Валайтис всегда творчески взволнован; обладая хорошей вокальной техникой, он никогда не «доверит» этой технике ни одной ноты, не вложив в нее искренних и сокровенных чувств. И вместе с тем он внешне всегда сдержан, отчего и пение и весь его артистический облик носят мужественные, по-особенному значительные черты. Я не понимаю, как можно говорить отдельно о голосе певца, об его исполнительском даровании, о манере сценического поведения.
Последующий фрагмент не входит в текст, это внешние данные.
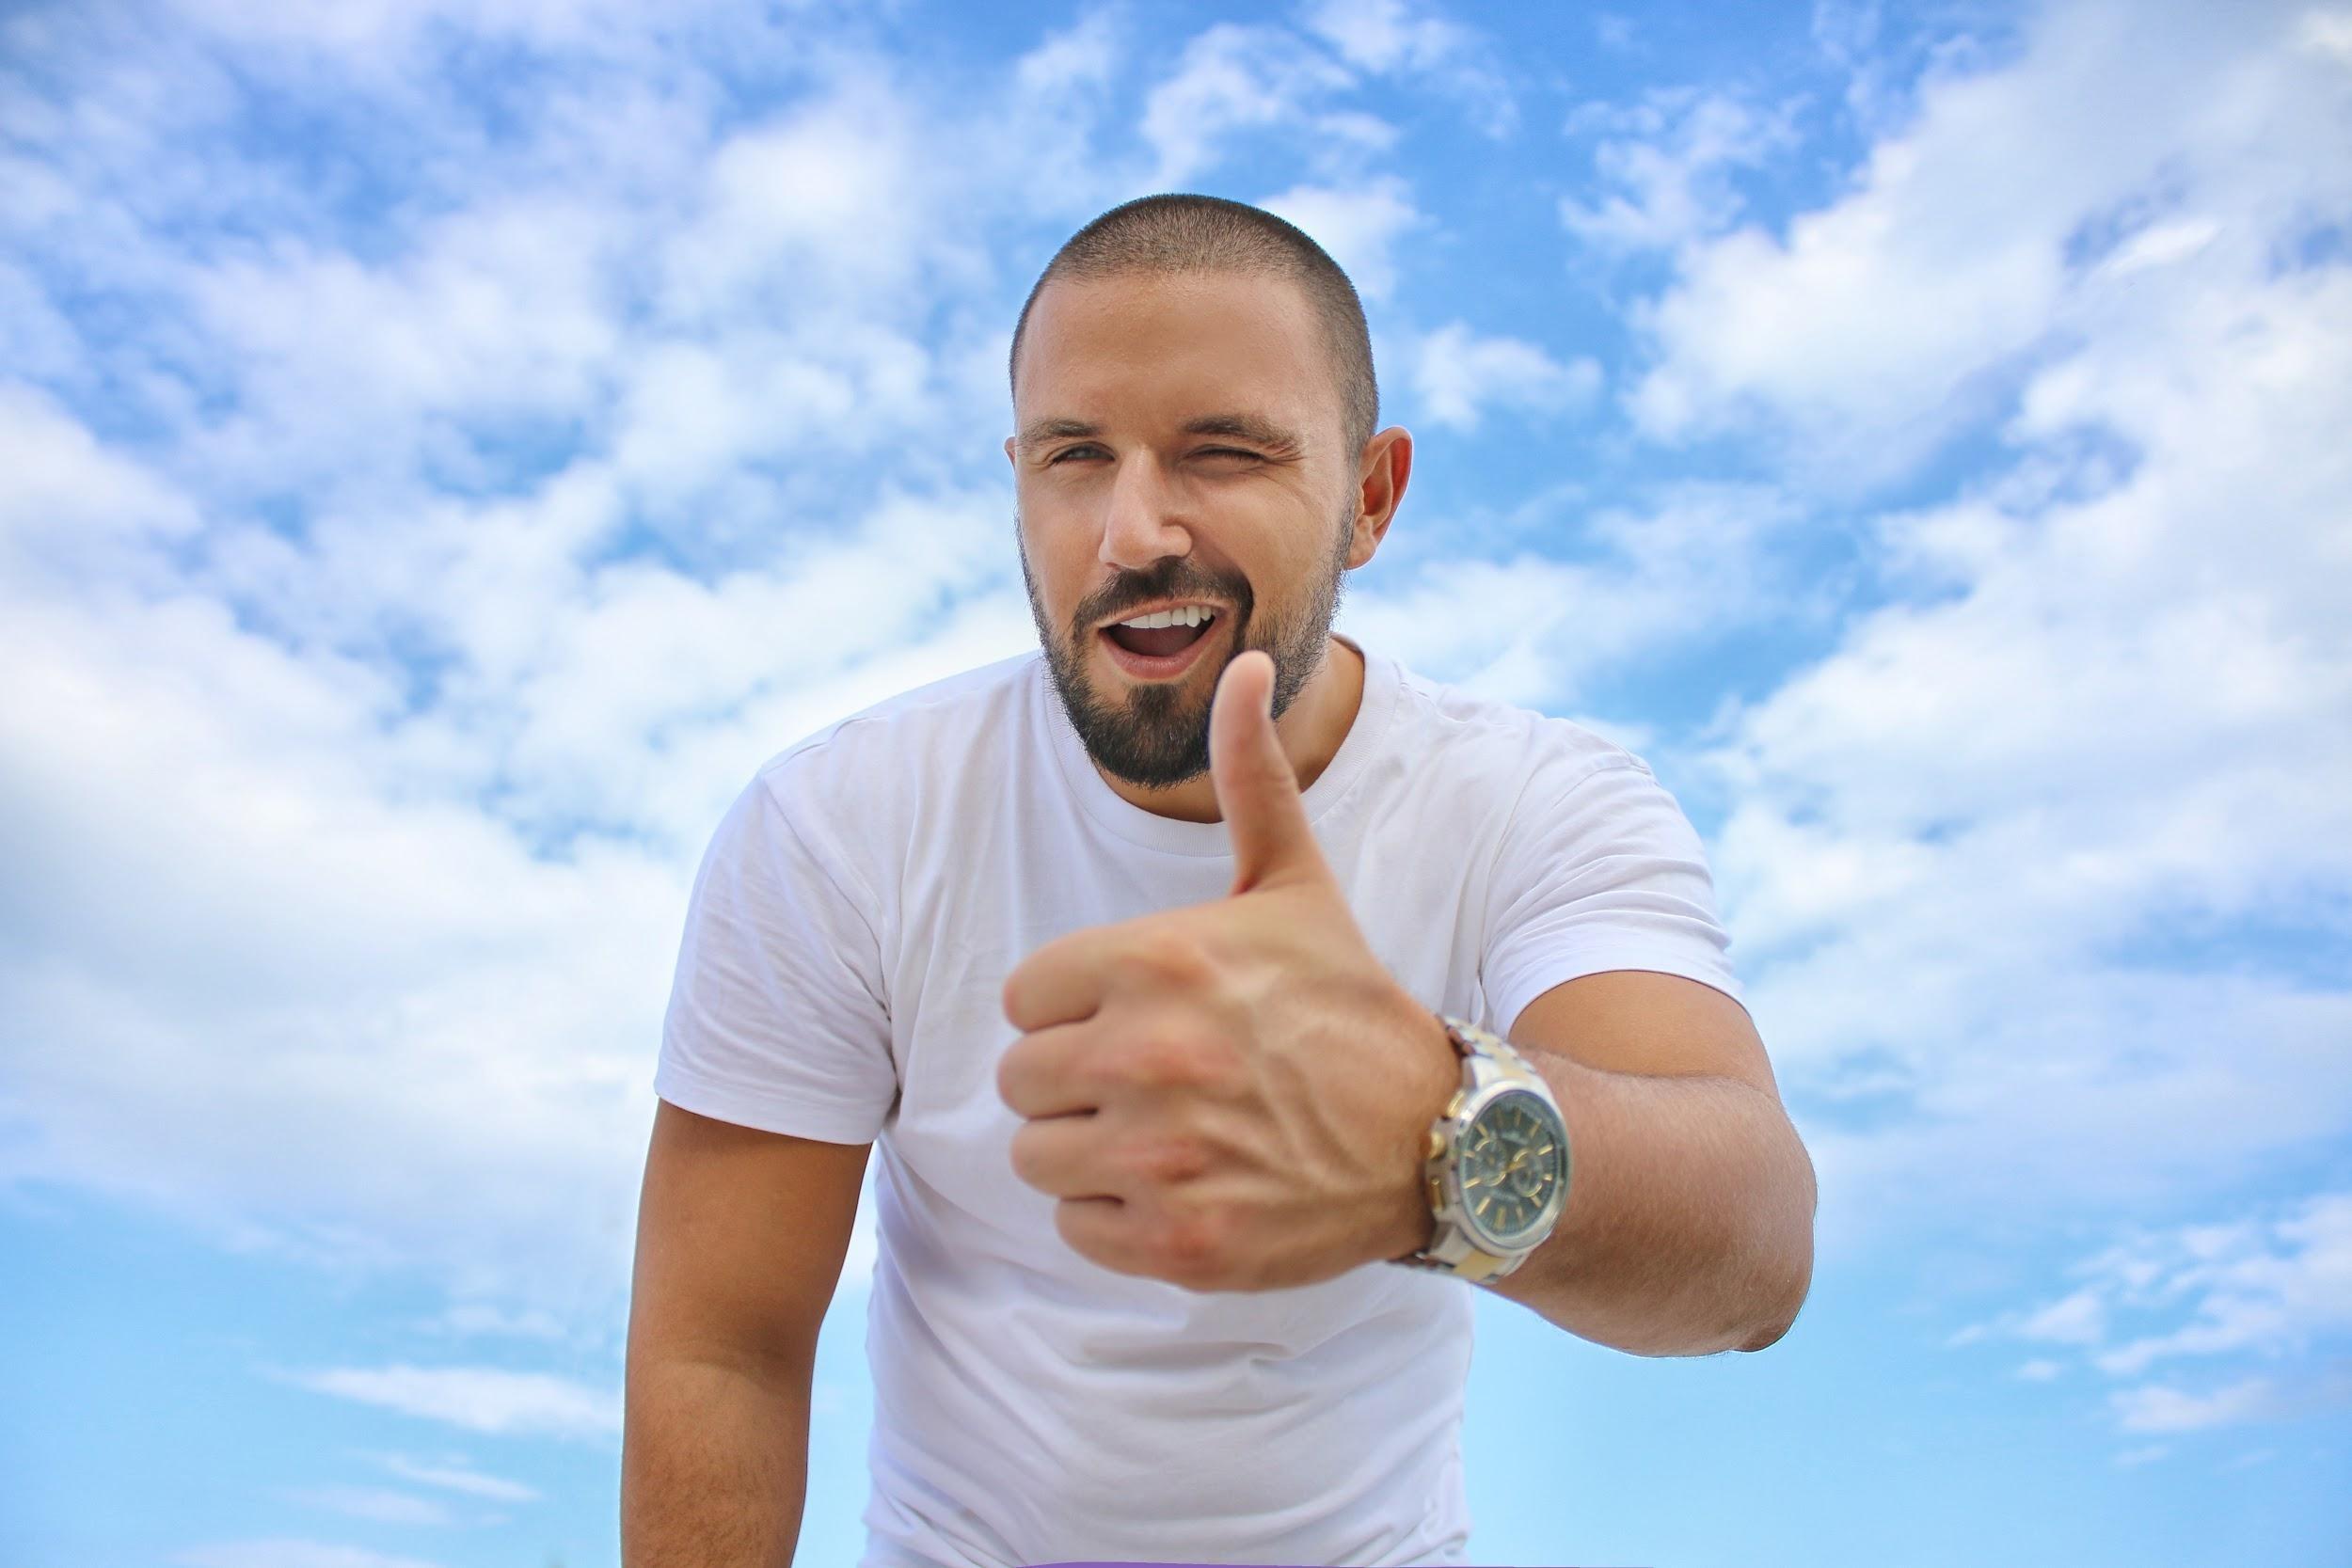 Grooming Tips for Men's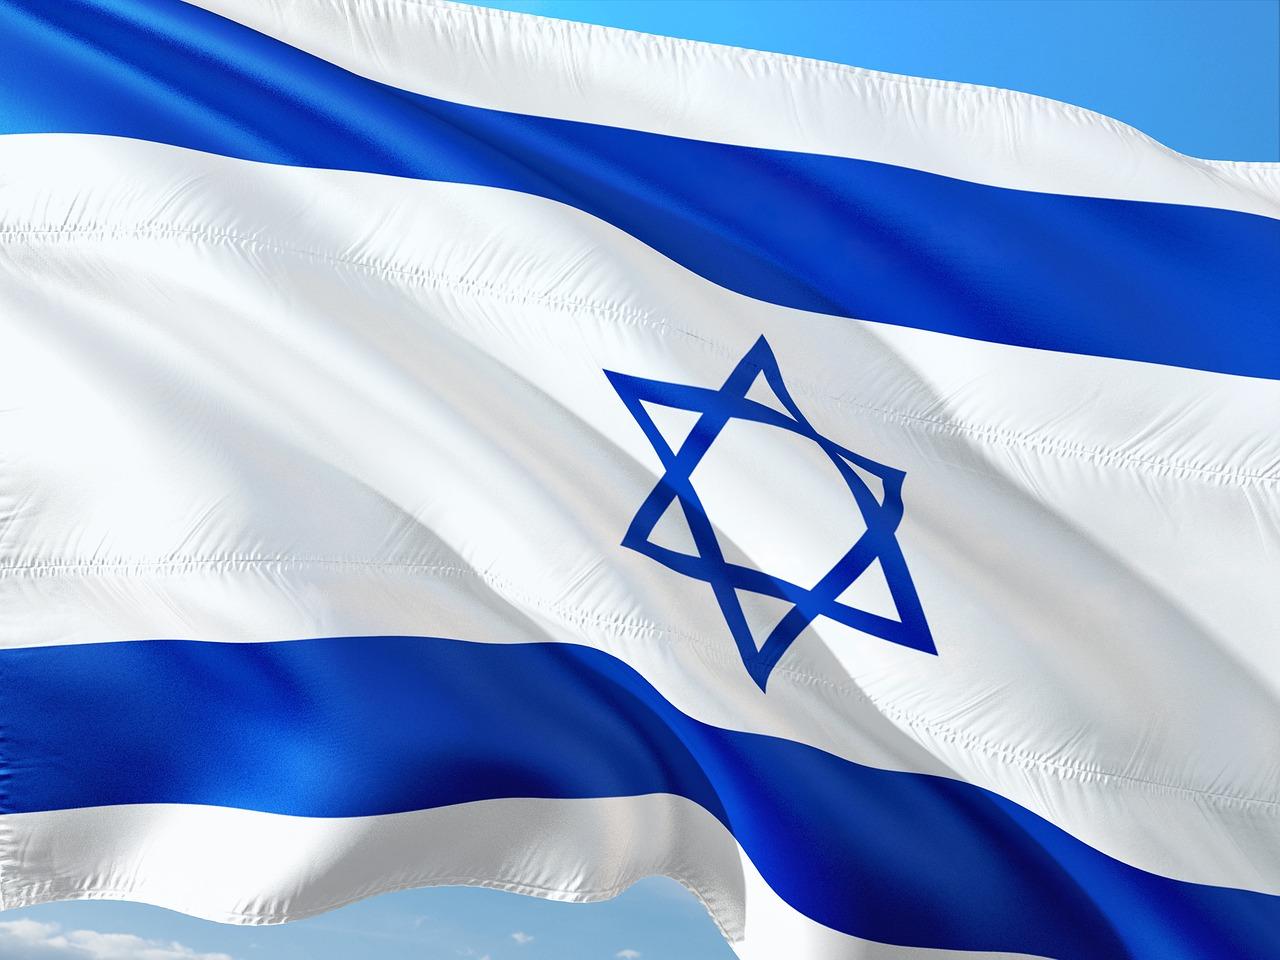 Wybierasz się do Izraelu? Dowiedz się na jakie ubezpieczenie się zdecydować

Все эти элементы неразрывно между собой связаны и каждый в отдельности способен только дополнить другой.

Поэтому сейчас, когда мне очень хочется, чтоб читатель, который, может быть, еще не слышал и не видел Валайтиса, получил о нем правильное представление, я не могу говорить о красивом, насыщенном голосе, не связывая его с монументальной фигурой, с теплым взглядом (обычно несколько исподлобья), со сдержанной манерой двигаться. Все это гармонично дополняется одно другим и именно этой гармонией, а не достоинствами того или иного отдельного элемента ценен Валайтис. Но он не принадлежит к тем артистам, которые, поблагодарив природу за щедрые дары, затем эксплуатируют эти дары всю жизнь, нисколько не смущаясь, если очень скоро обнаруживается, что природа им где-то «недодала», что изъяны эти при подобной хищнической эксплуатации своих данных становятся все очевиднее и непоправимее! Есть ведь такие артисты, и инерция успеха действует у них очень долго. И я не боюсь сказать о Валайтисе несколько теплых слов именно потому, что его успех построен на совсем иных основах, он закономерен и прочен.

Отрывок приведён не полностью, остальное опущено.